↓↓↓

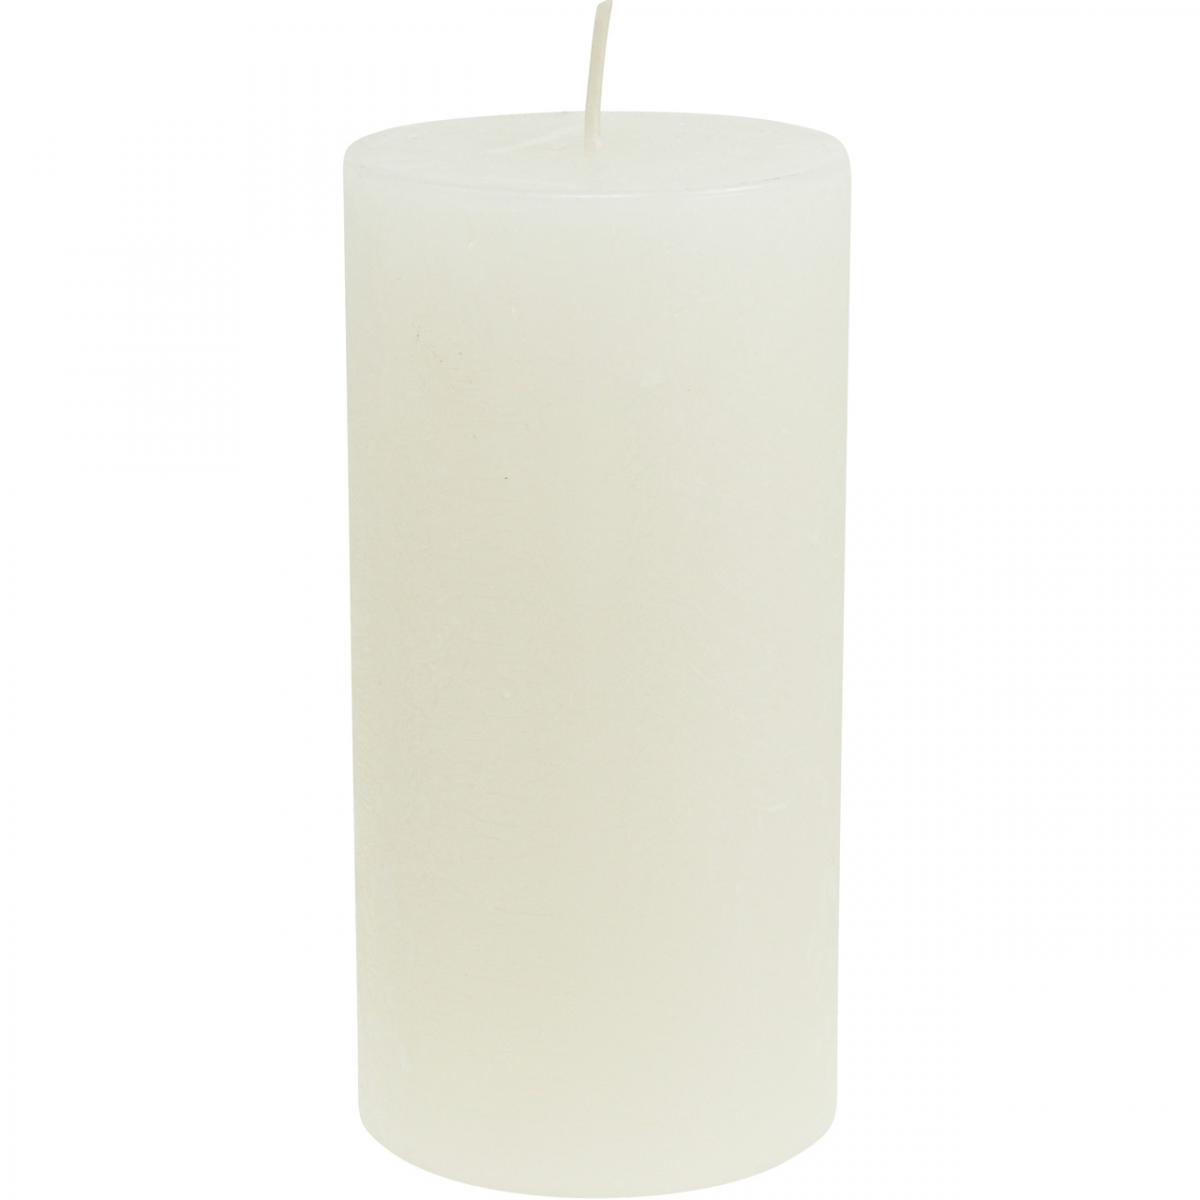 4 pezzi safe candle® Candela autoestinguente RUSTIC Sahara altezza 8 cm / Ø 6 cm tempo di combustione 25 ore 
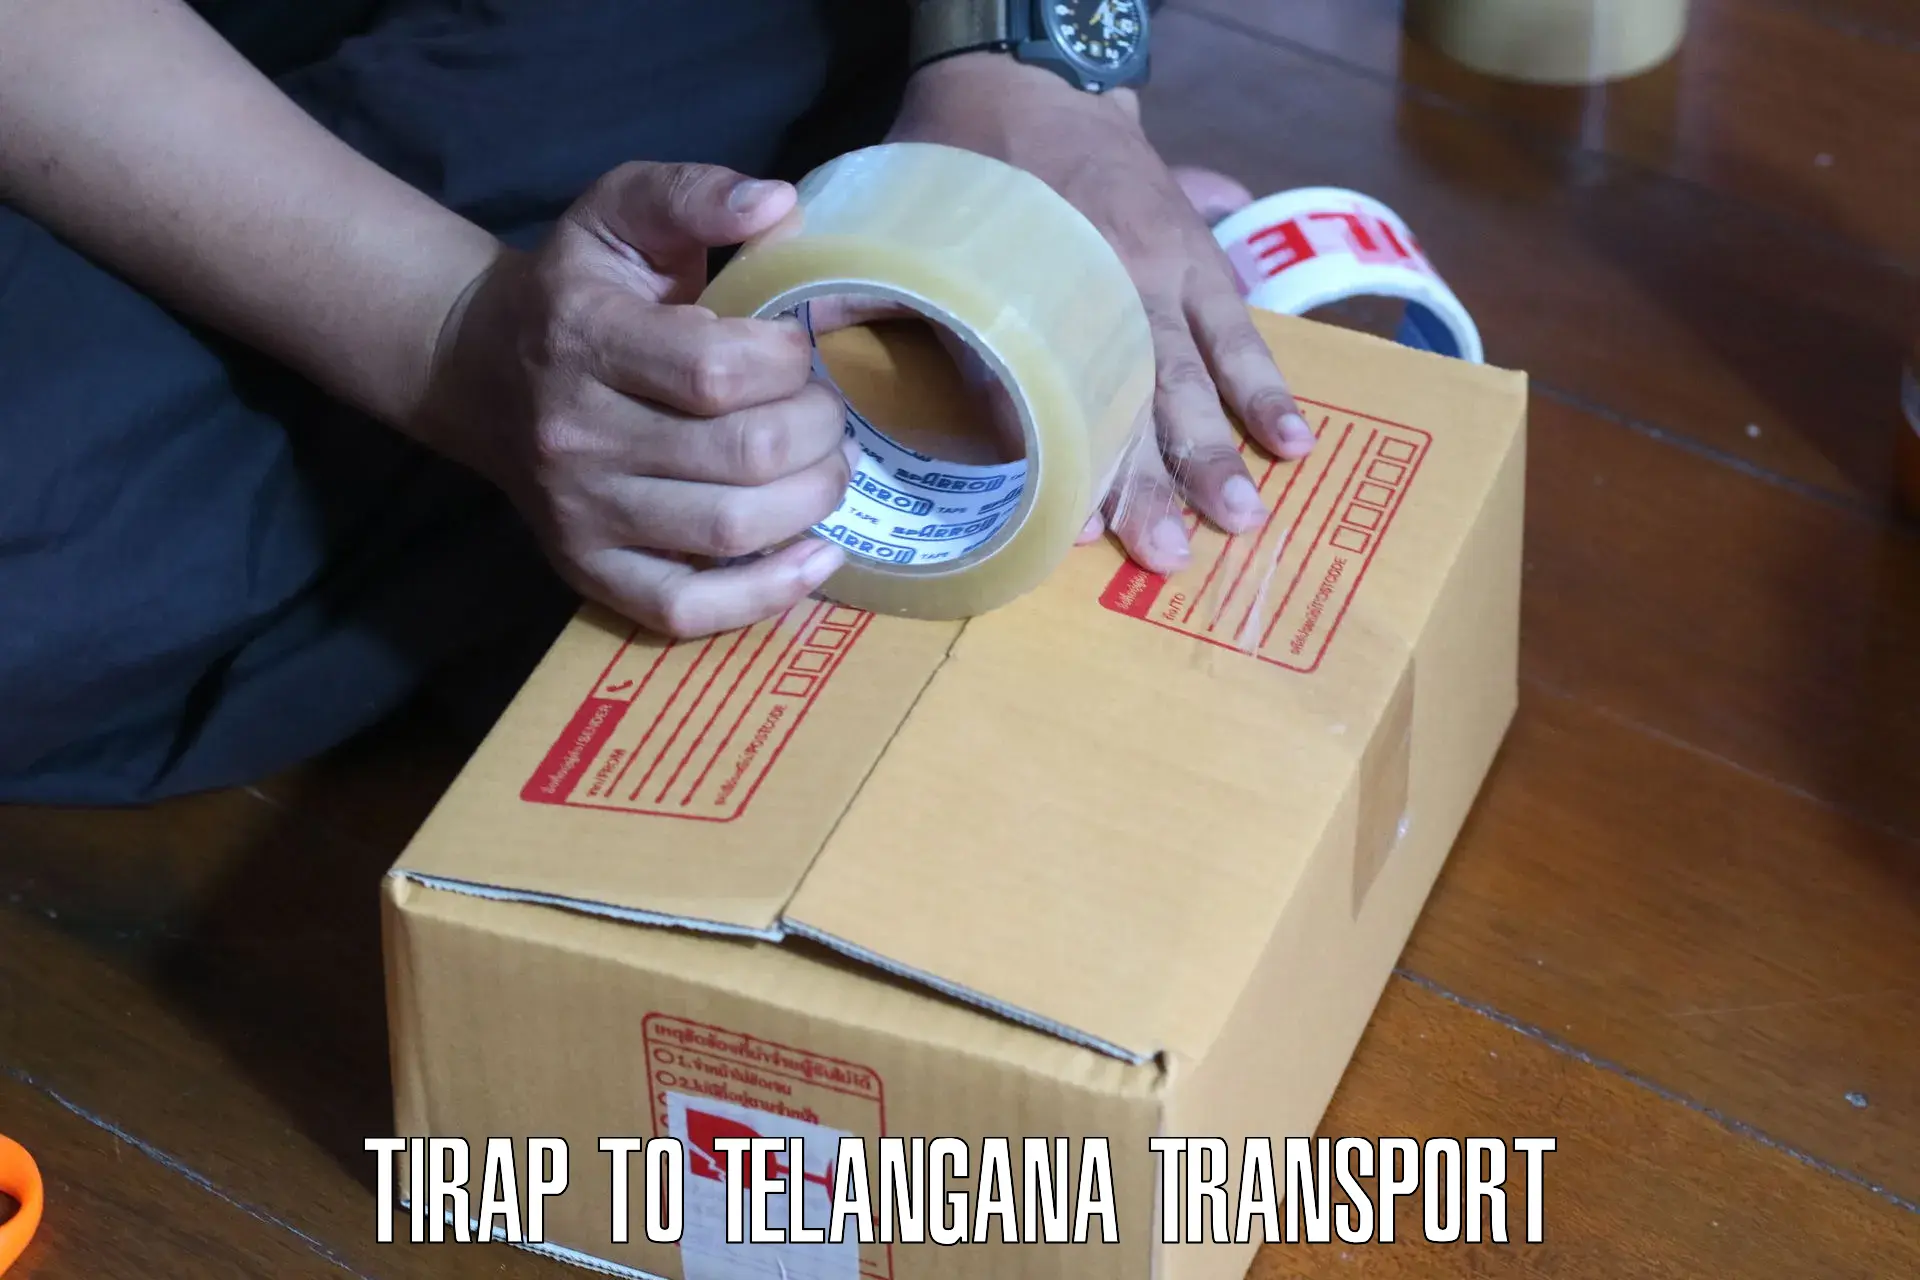 Shipping partner Tirap to Miryalaguda
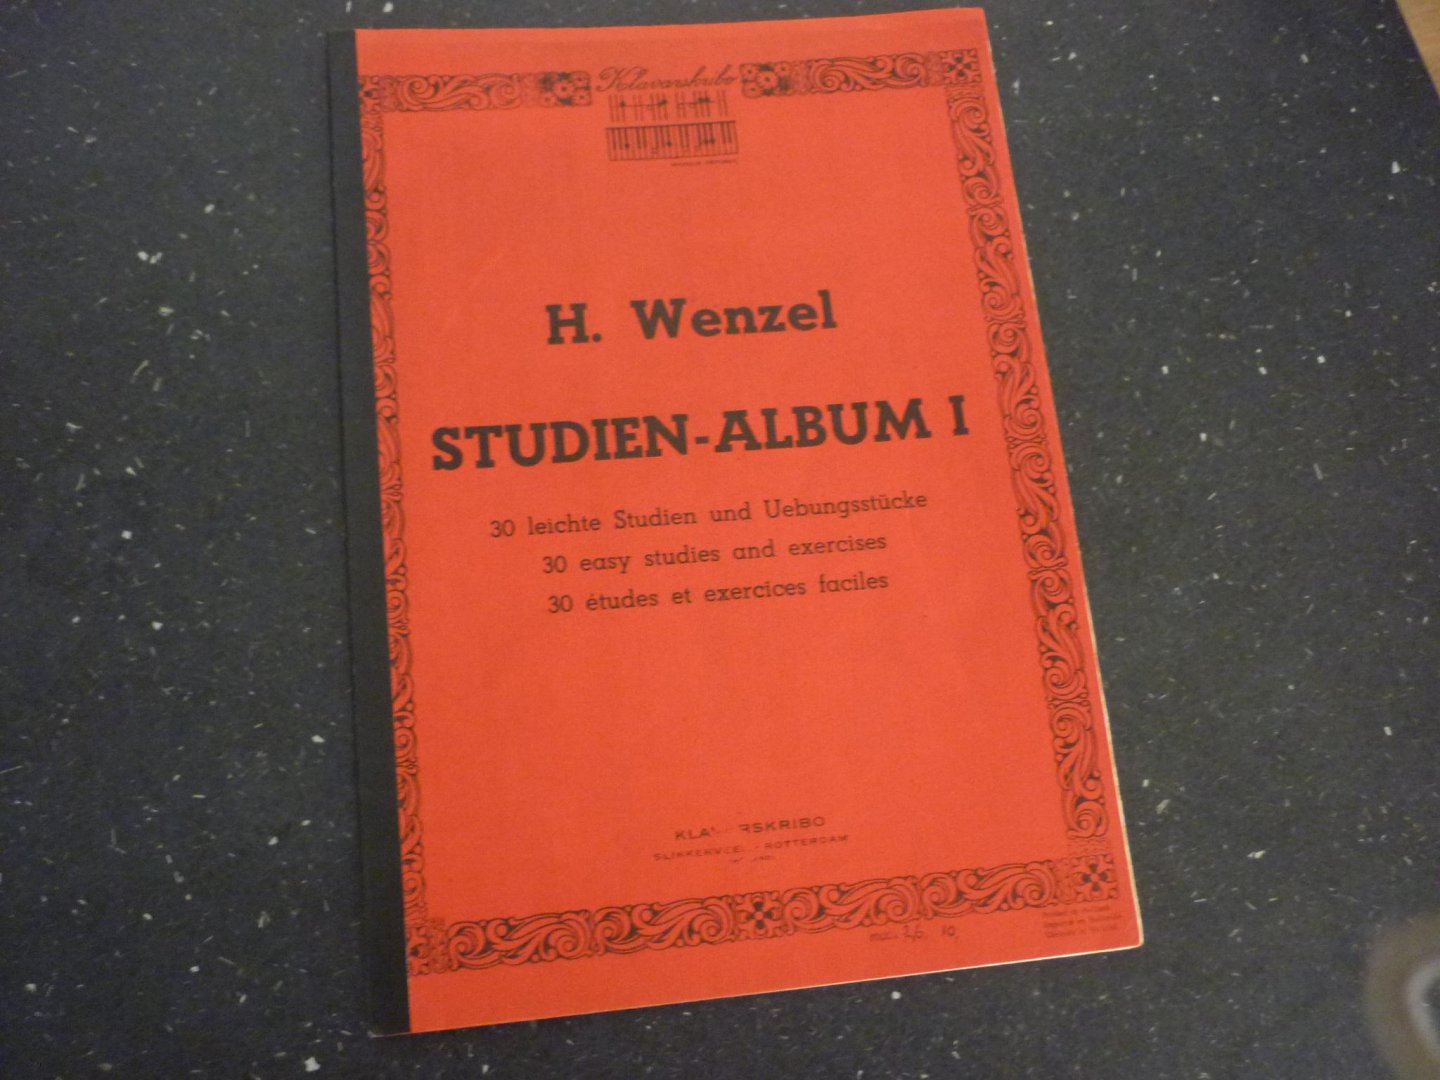 Wezel; Hermann - Studien - Album I / 30 leichte studien und ubungsstucke / Klavarskribo

↑↑↑

## Task prompt
Return the listing above word for word, with the pictures removed.

## Final answer
 4 pezzi safe candle® Candela autoestinguente RUSTIC Sahara altezza 8 cm / Ø 6 cm tempo di combustione 25 ore 
 Shipping partner Tirap to Miryalaguda
 Wezel; Hermann - Studien - Album I / 30 leichte studien und ubungsstucke / Klavarskribo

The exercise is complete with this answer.